Since the pH is given to be 9.30, we can use the equation pH = -log[H+]. We know that the concentration of OH- is equal to [H+], so we can rewrite the equation as:
pOH = -log[OH-]
Now, to calculate pOH, we need to subtract the given pH from 14:
pOH = 14 - 9.30
pOH ≈ 4.70
Now that we have pOH, we can use it to calculate the concentration of OH-. Since pOH is the negative logarithm of the OH- concentration, we can write:
OH- = 10^(-pOH)
OH- = 10^(-4.70)
OH- ≈ 2.99 x 10^(-5) M
Since Mg(OH)2 is a strong electrolyte and dissociates completely, we can assume that the concentration of Mg2+ ions is equal to twice the concentration of OH- ions:
[Mg2+] ≈ 2 × 2.99 x 10^(-5) M
Now, we can substitute this value of [Mg2+] into the expression for the Ksp of Mg(OH)2 to solve for Ksp:
Ksp = [Mg2+] × [OH-]^2
Ksp ≈ (2 × 2.99 x 10^(-5))^2
Ksp ≈ 8.95 x 10^(-9)
And there you have it - the Ksp of Mg(OH)2 is approximately 8.95 x 10^(-9). Voilà!
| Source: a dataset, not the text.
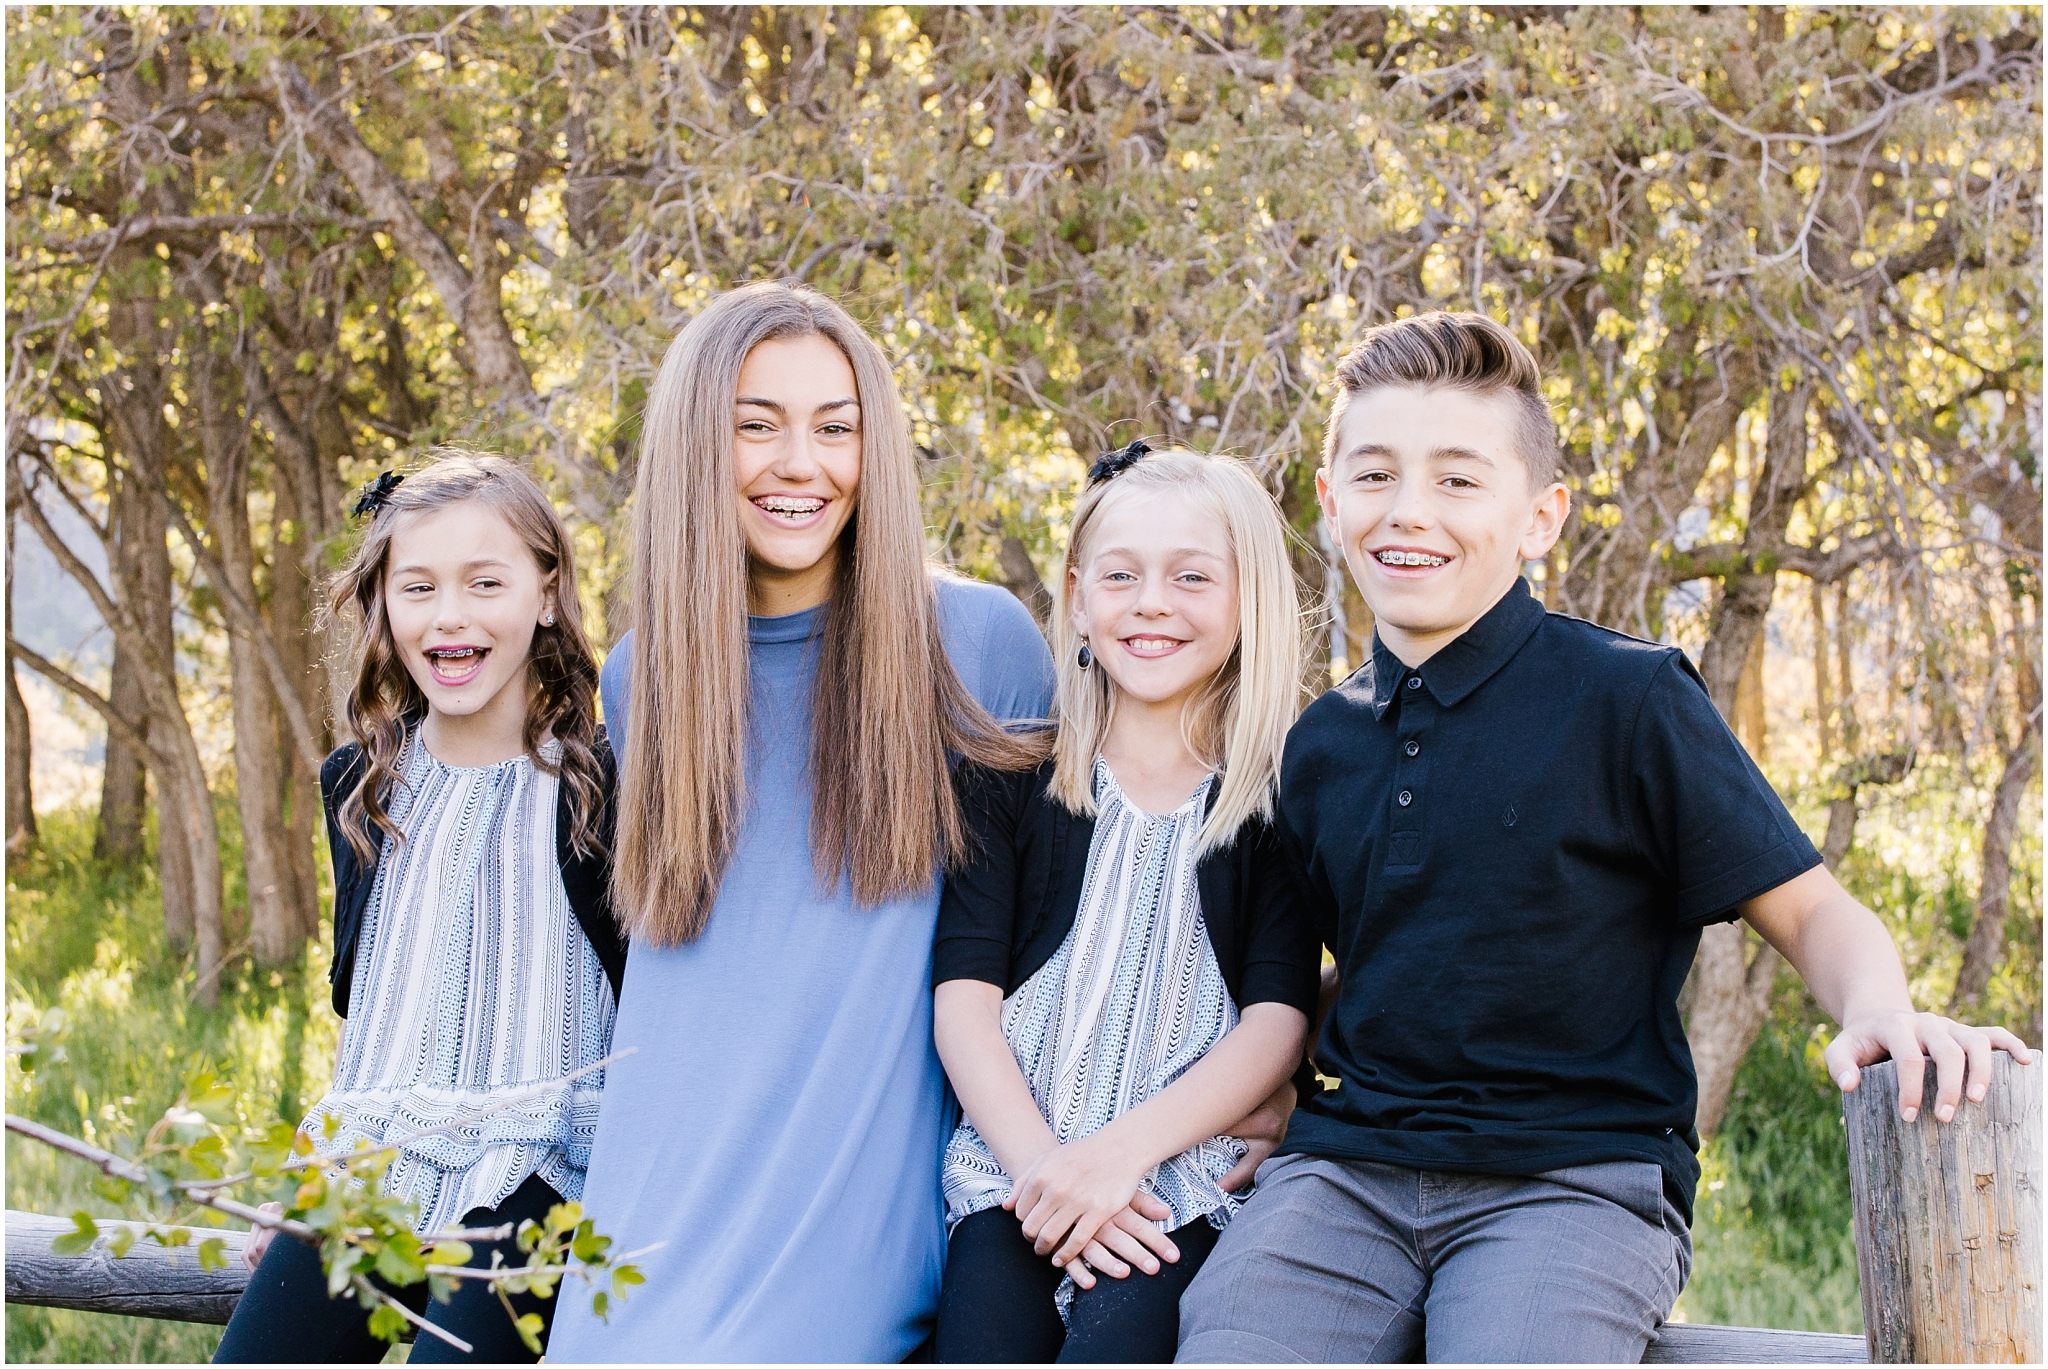 Bagley-47_Lizzie-B-Imagery-Utah-Family-Photographer-Central-Utah-Photographer-Utah-County-Extended-Family.jpg

Remember, chemistry can be a bit tricky, so it's important to approach it with a sense of humor. If you have any more questions, feel free to ask!
To calculate the Ksp (solubility product constant) of Mg(OH)2, we first need to understand the equation that represents the dissolution of this compound in water. The balanced chemical equation is:
Mg(OH)2(s) ⇌ Mg2+(aq) + 2OH-(aq)
The solubility product expression is then defined as follows:
Ksp = [Mg2+][OH-]^2
However, in this problem, we are given the pH of the saturated solution formed, rather than the actual concentrations of Mg2+ and OH-. So, we need to use the given pH to determine the concentration of OH- ions in the solution.
The concentration of OH- ions in a solution can be calculated using the following formula:
pOH = -log[OH-]
To obtain the concentration of OH-, we need to calculate the pOH, which is the negative logarithm of the hydroxide ion concentration.
Given that the pH of the saturated solution is 9.30, we can calculate the pOH:
pOH = 14 - pH
pOH = 14 - 9.30
pOH = 4.70
Now that we have the pOH, we can find the concentration of OH- ions using the formula:
[OH-] = 10^(-pOH)
[OH-] = 10^(-4.70)
[OH-] = 2.99 x 10^(-5) M
Now, we can plug the concentration of OH- into the solubility product expression and solve for Ksp:
Ksp = [Mg2+][OH-]^2
Ksp = (x)(2.99 x 10^-5)^2
However, since excess solid Mg(OH)2 is present, it can be assumed that all of the Mg(OH)2 dissolves and provides an equal concentration of Mg2+ ions in the solution. Hence, we can substitute [Mg2+] with 2[OH-] in the Ksp expression:
Ksp = (2[OH-])([OH-])^2
Ksp = 2([OH-])^3
Ksp = 2(2.99 x 10^-5)^3
Ksp = 5.37 x 10^-16
Therefore, the solubility product constant (Ksp) for Mg(OH)2 is 5.37 x 10^-16.